More frequent deploys

The above problem has manifested because our deploys are too infrequent for our tenants. Could we not use this as an opportunity to optimize the velocity at which we deploy to production? That way we have the benefit of solving the near-term problems of our tenants, and also rolling things out more frequently.

As it stands, any rollout to production requires coordination and management from a member of the operating team. As the number of tenants and tenants becomes larger, the operating team becomes more of a bottleneck to common tenant operations.

Our goal here is to remove our team entirely from the control loop of updating Prometheus rules. We are trading off immediate term technical complexity against longer-term scalability and happier multi-tenancy operation.

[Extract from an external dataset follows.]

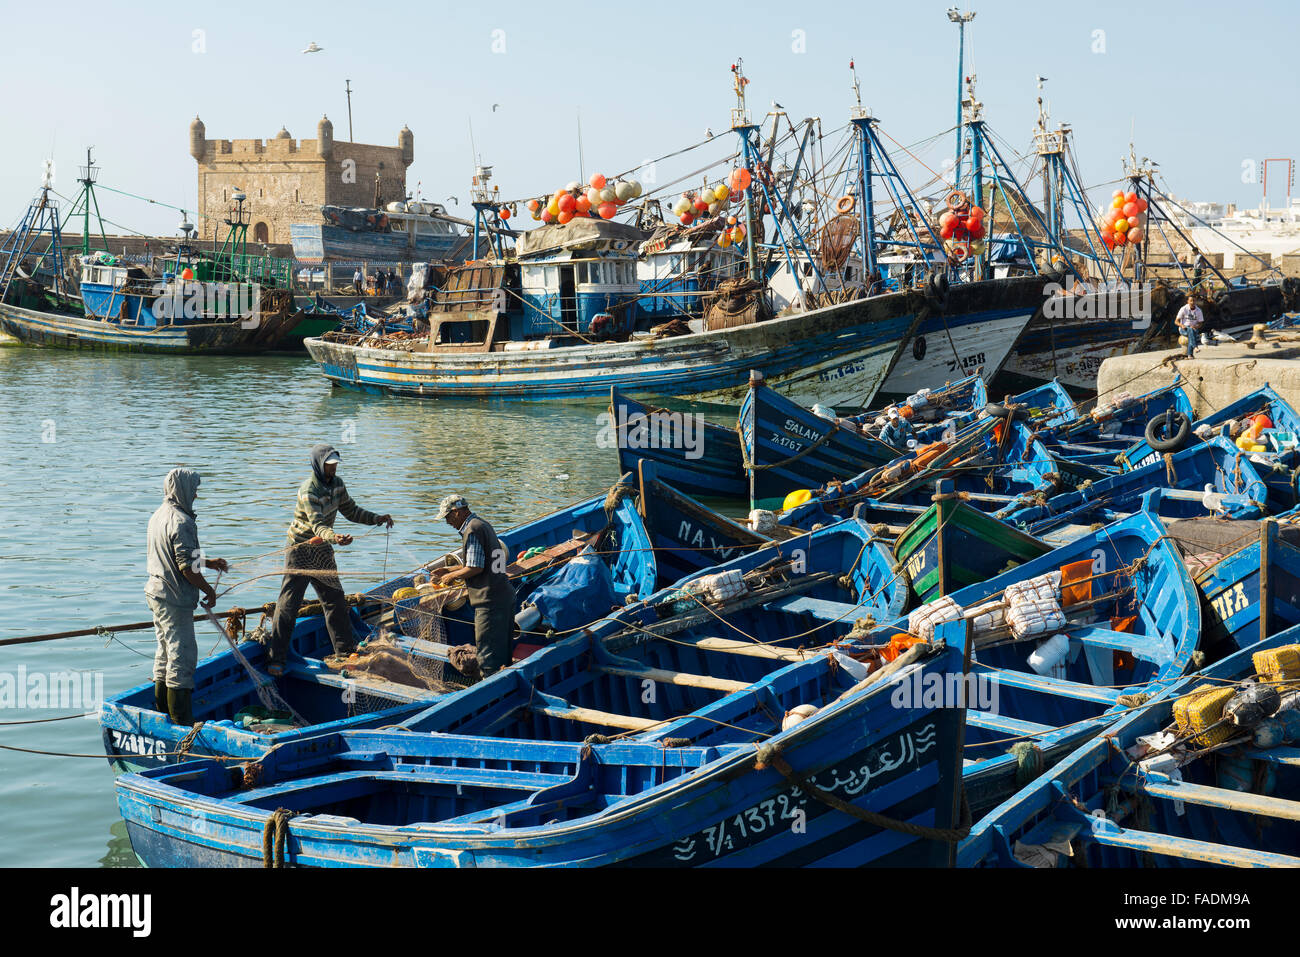 Bateaux de pêche bleu dans le port, Essaouira, Maroc Banque D'Images
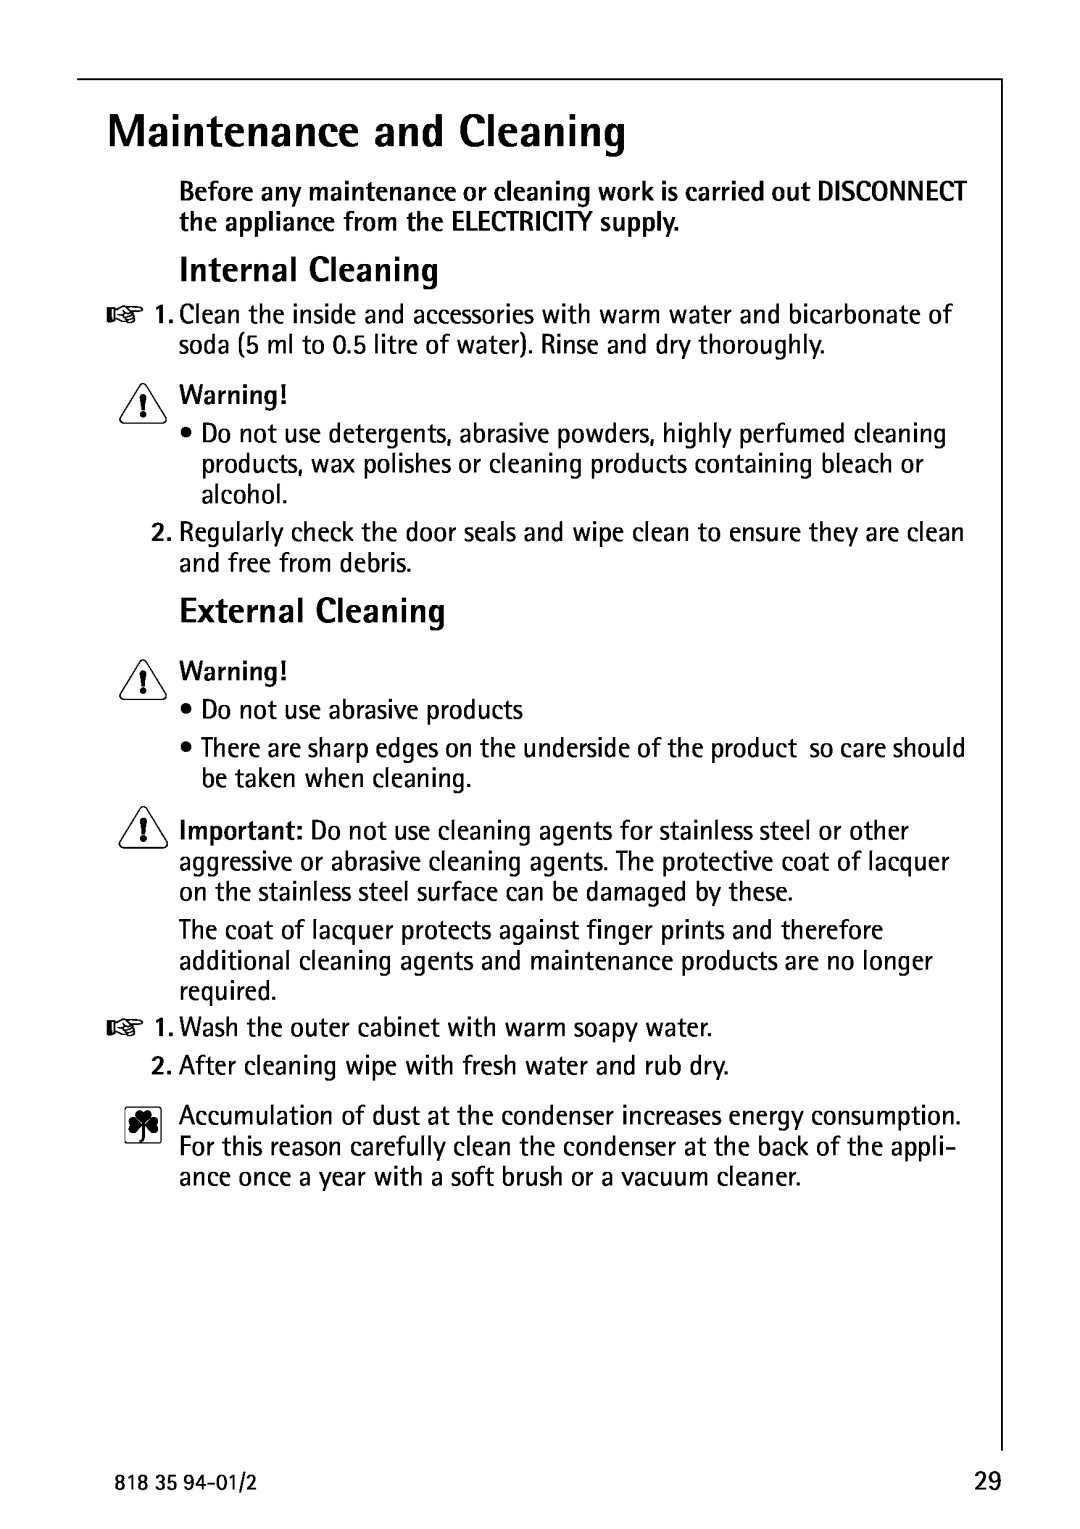 Electrolux U31462 operating instructions Maintenance and Cleaning, Internal Cleaning, External Cleaning, Warning

This option also does not address the trust-boundary issue identified above.

Per-tenant GitOps

Another option would be for each tenant to commit their rule configuration into a git repository they control, and then we synchronise that into the right place in our infrastructure based on a URL they provide. This would eliminate the need for us to manage state on their behalf.

This is a neat idea that avoids deploy dependencies, but has some drawbacks:

  • Validation - The tenant’s rules would only be validated by us in the Ruler itself, meaning mis-configured rules do not get surfaced to tenants. We could encourage tenants to validate
  • Secrets - We can assume that tenants may not want their production rules and alerts exposed to the world, this would then require us to exchange and store secrets with them to access their repository.
  • Overheads - Managing an additional git repo & associated secrets imposes extra overheads on the tenants.

The overhead and complexity of managing sensitive tenant secrets is out-of-scope for this project.

Action Plan

  • Iterate and finalise this design document.
  • Implement proof-of-concept Rules API #138.
  • Make the API available to tenants in staging.
  • Promote API to production after ~1 month of running in staging.